Start of Block
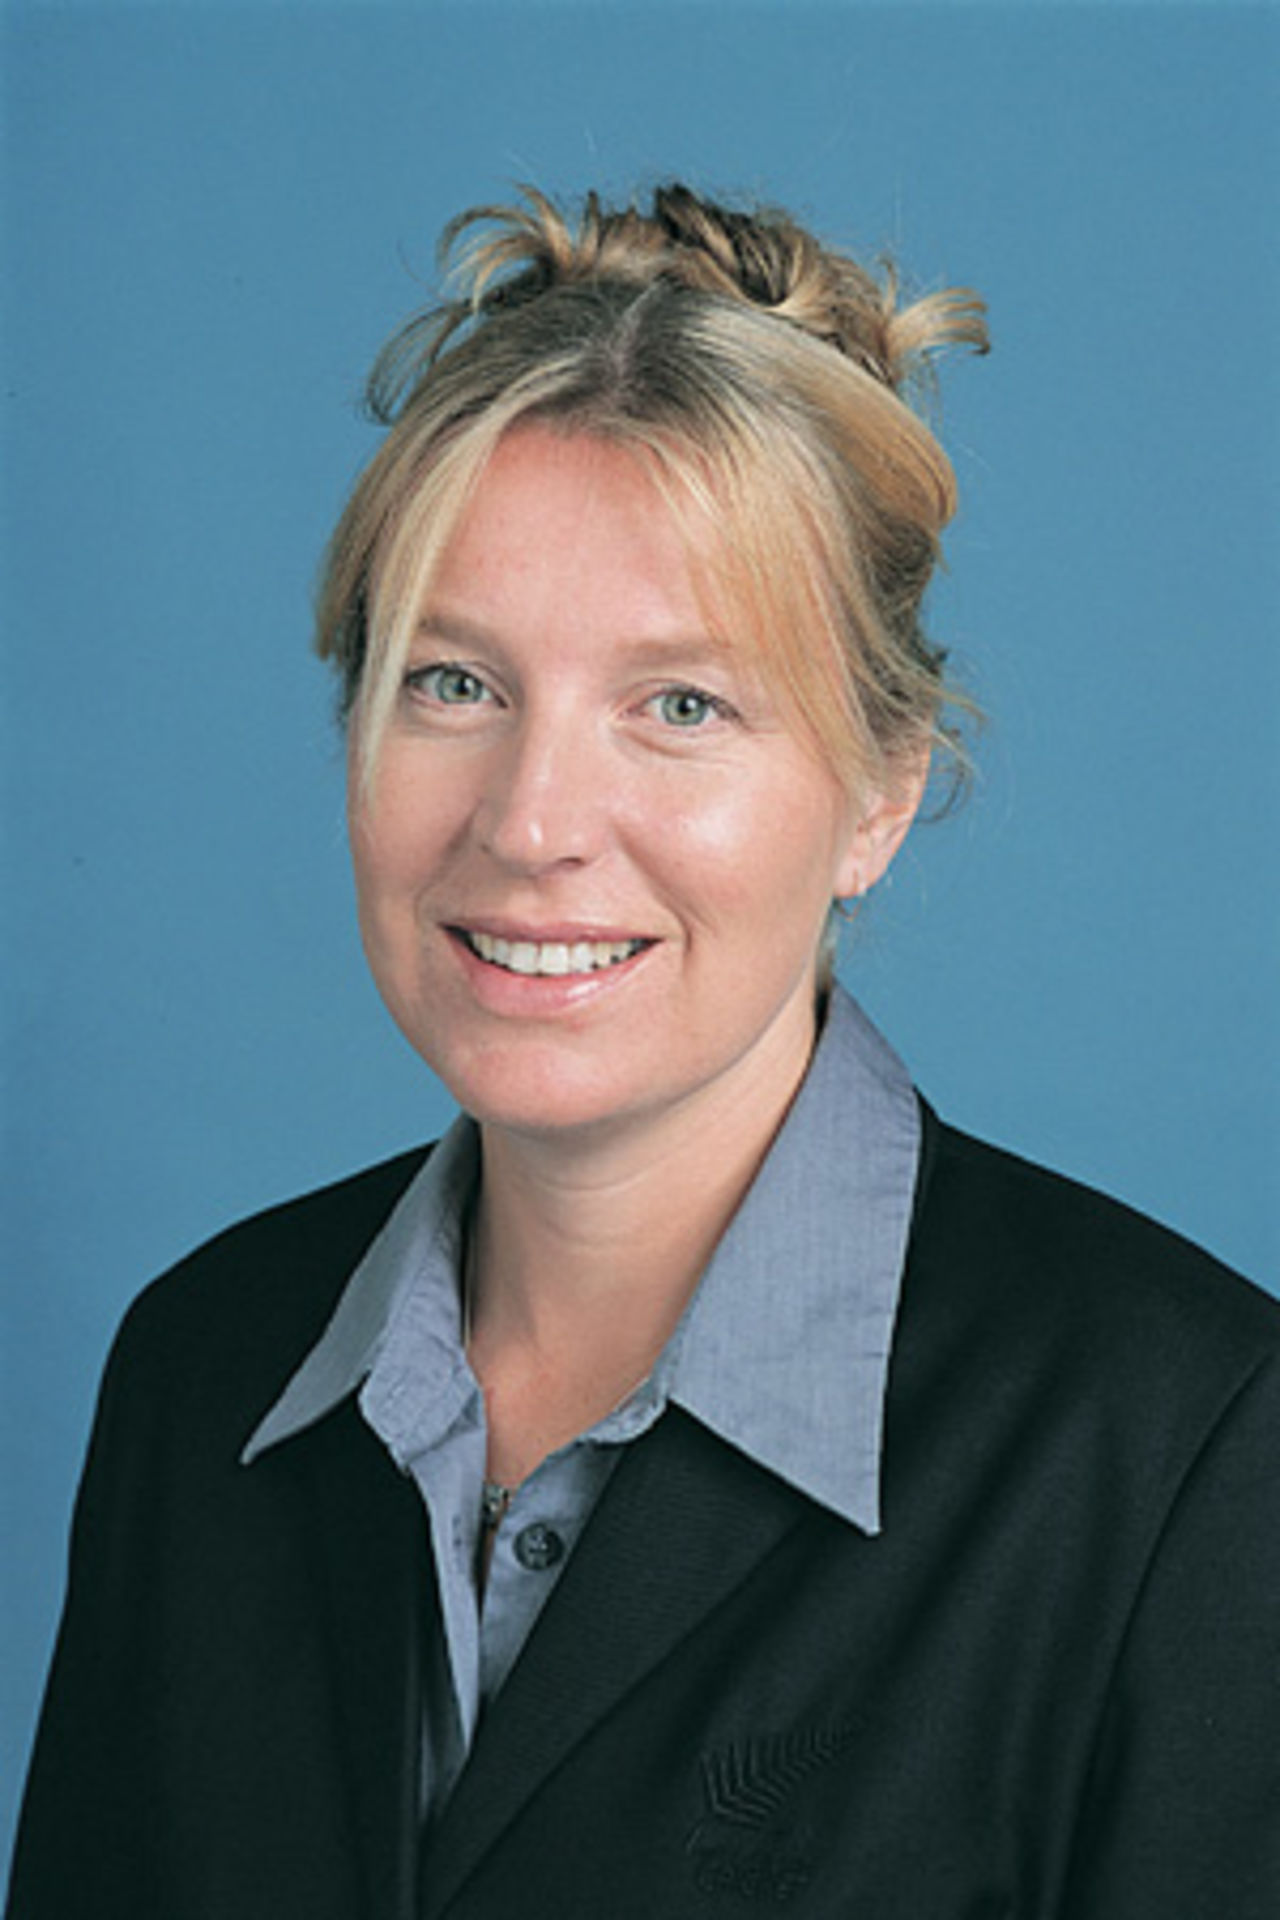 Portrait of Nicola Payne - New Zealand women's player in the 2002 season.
End of Block
Start of Block
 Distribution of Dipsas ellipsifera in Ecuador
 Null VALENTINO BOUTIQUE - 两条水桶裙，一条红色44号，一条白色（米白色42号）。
End of Block
> Try it:
Repeat exactly the lines of the listing above, from the one with "Distribution of Dipsas" down to the one with "Null VALENTINO BOUTIQUE"; both of those lines belong in the range.

> Exercise output:
 Distribution of Dipsas ellipsifera in Ecuador
 Null VALENTINO BOUTIQUE - 两条水桶裙，一条红色44号，一条白色（米白色42号）。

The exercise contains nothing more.